§ Exercise directions:
Retype the whole listing exactly. Leave out pictures.

Dataset section: Begin

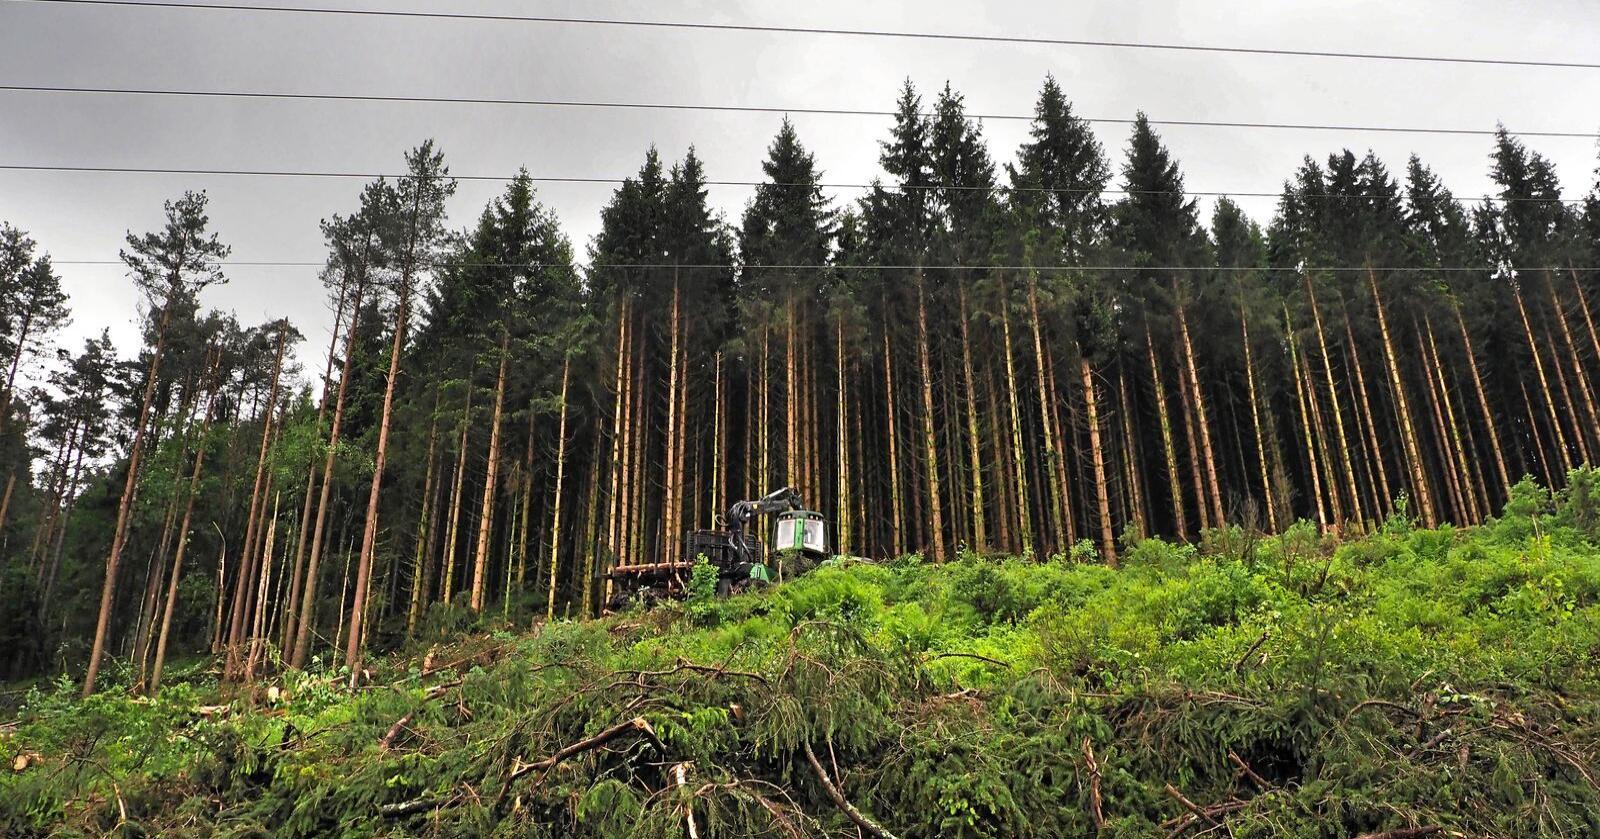 Framskrivinger fra regjeringen viser at CO2-opptaket i skogen vil gå nedover det neste tiåret. Foto: Siri Juell Rasmussen
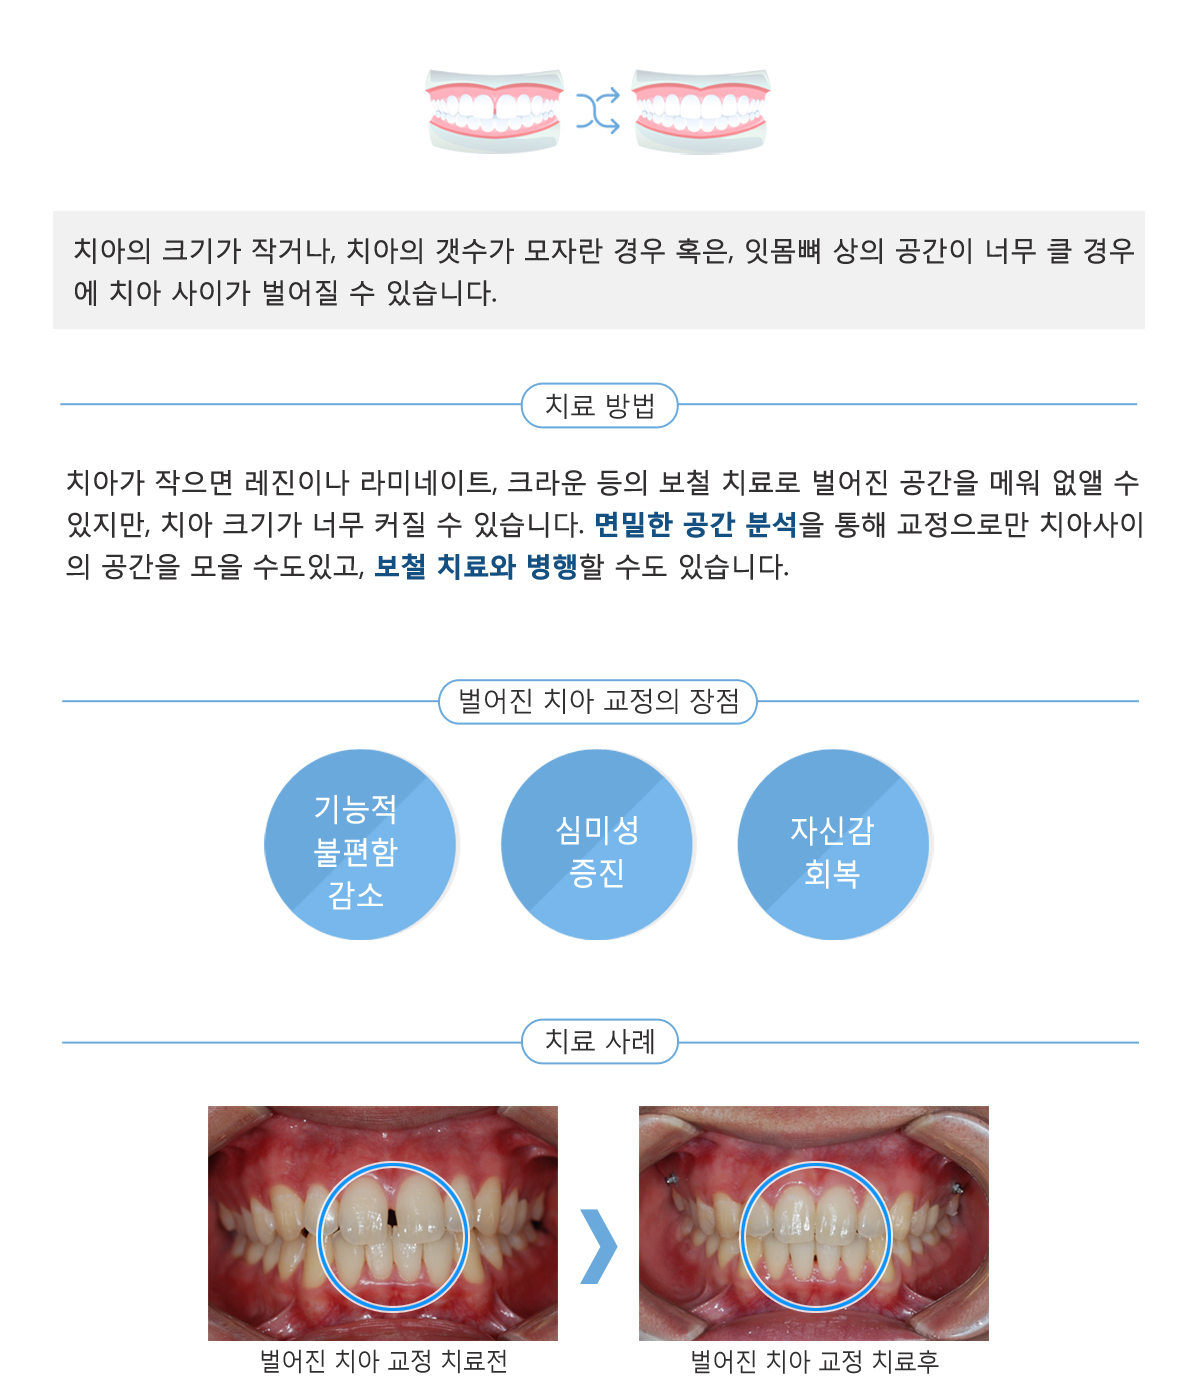 벌어진 치아 내용2.jpg
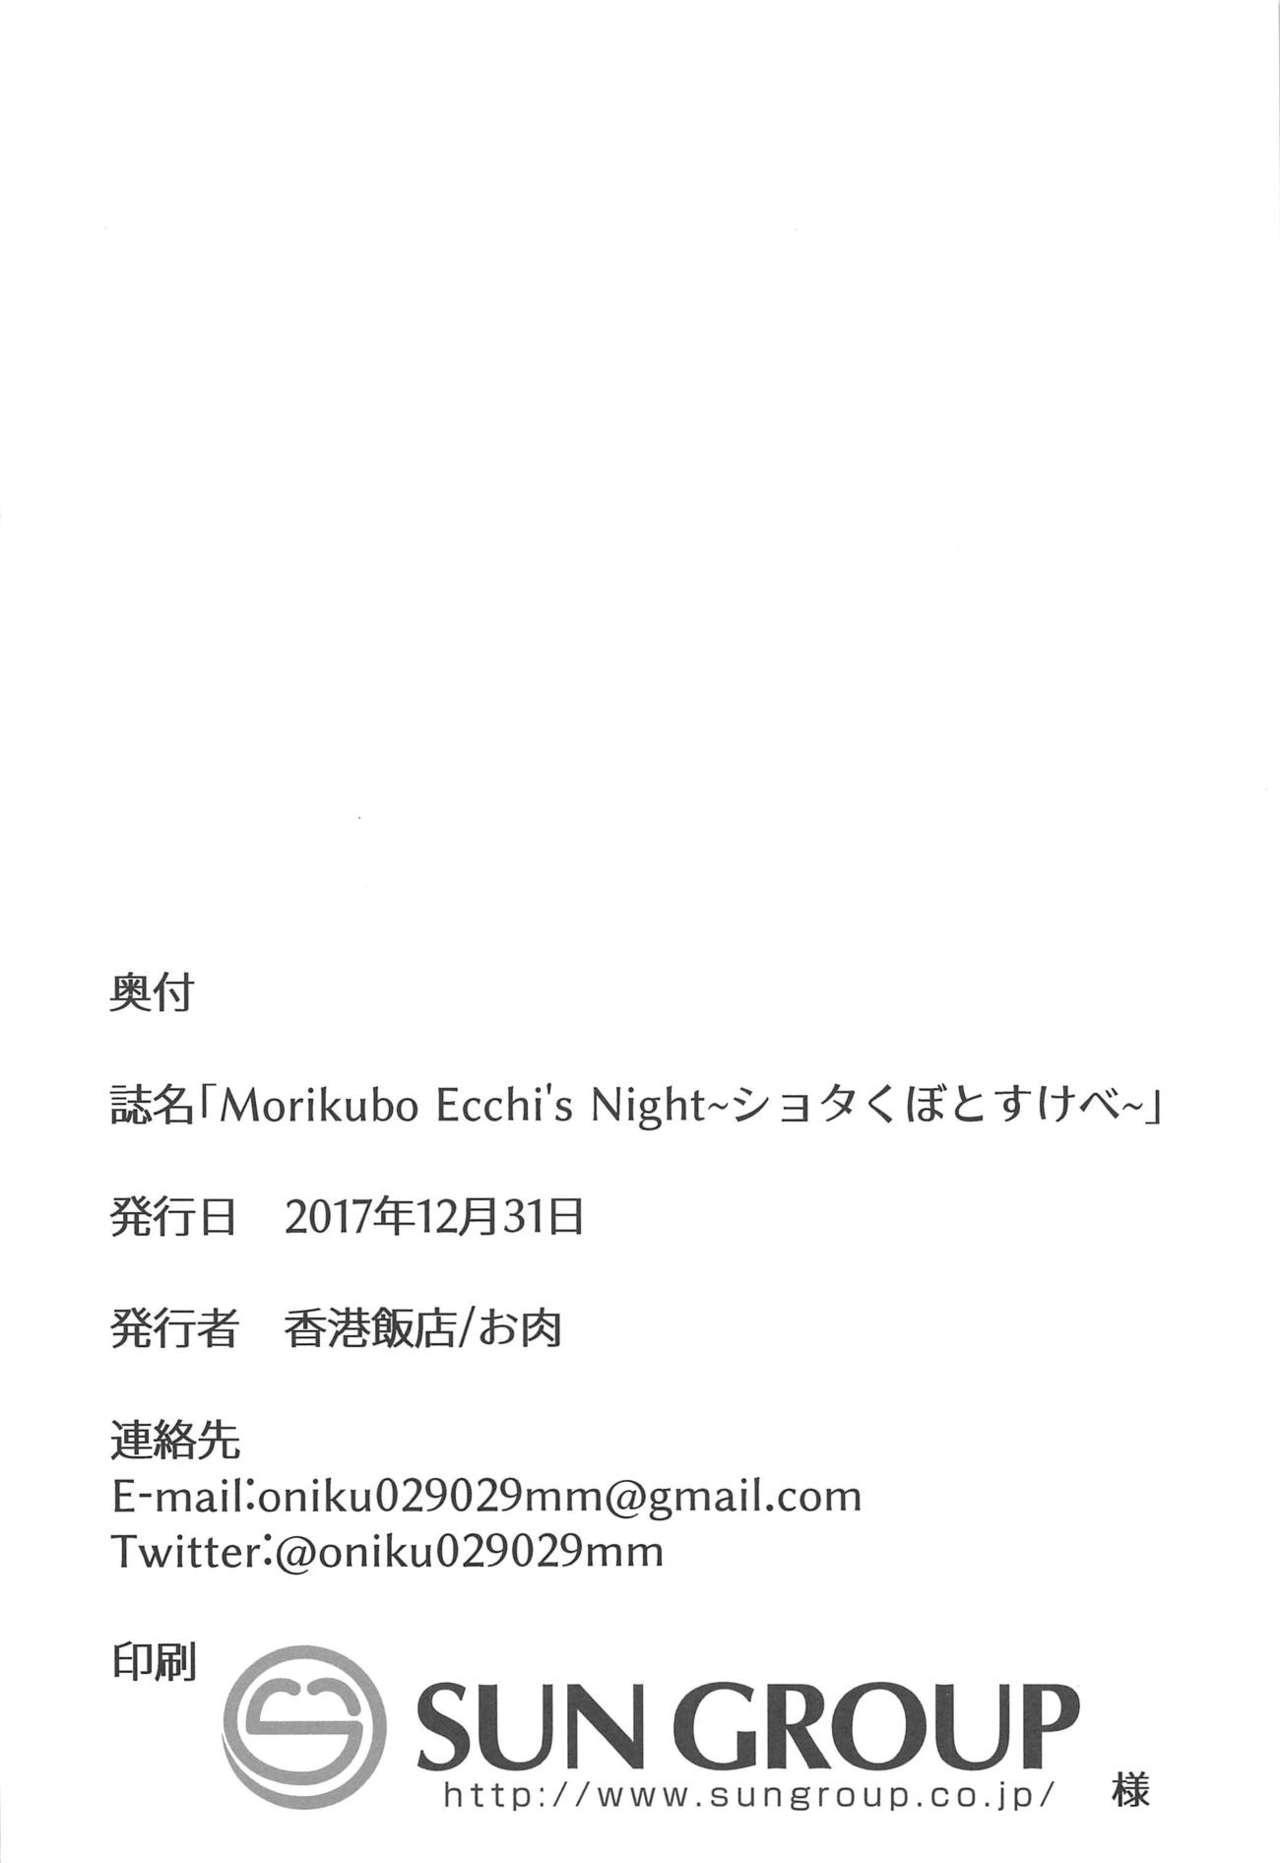 Morikubo Ecchi's Night 24

Dataset section: End

§ Task response:
 Framskrivinger fra regjeringen viser at CO2-opptaket i skogen vil gå nedover det neste tiåret. Foto: Siri Juell Rasmussen
 벌어진 치아 내용2.jpg
 Morikubo Ecchi's Night 24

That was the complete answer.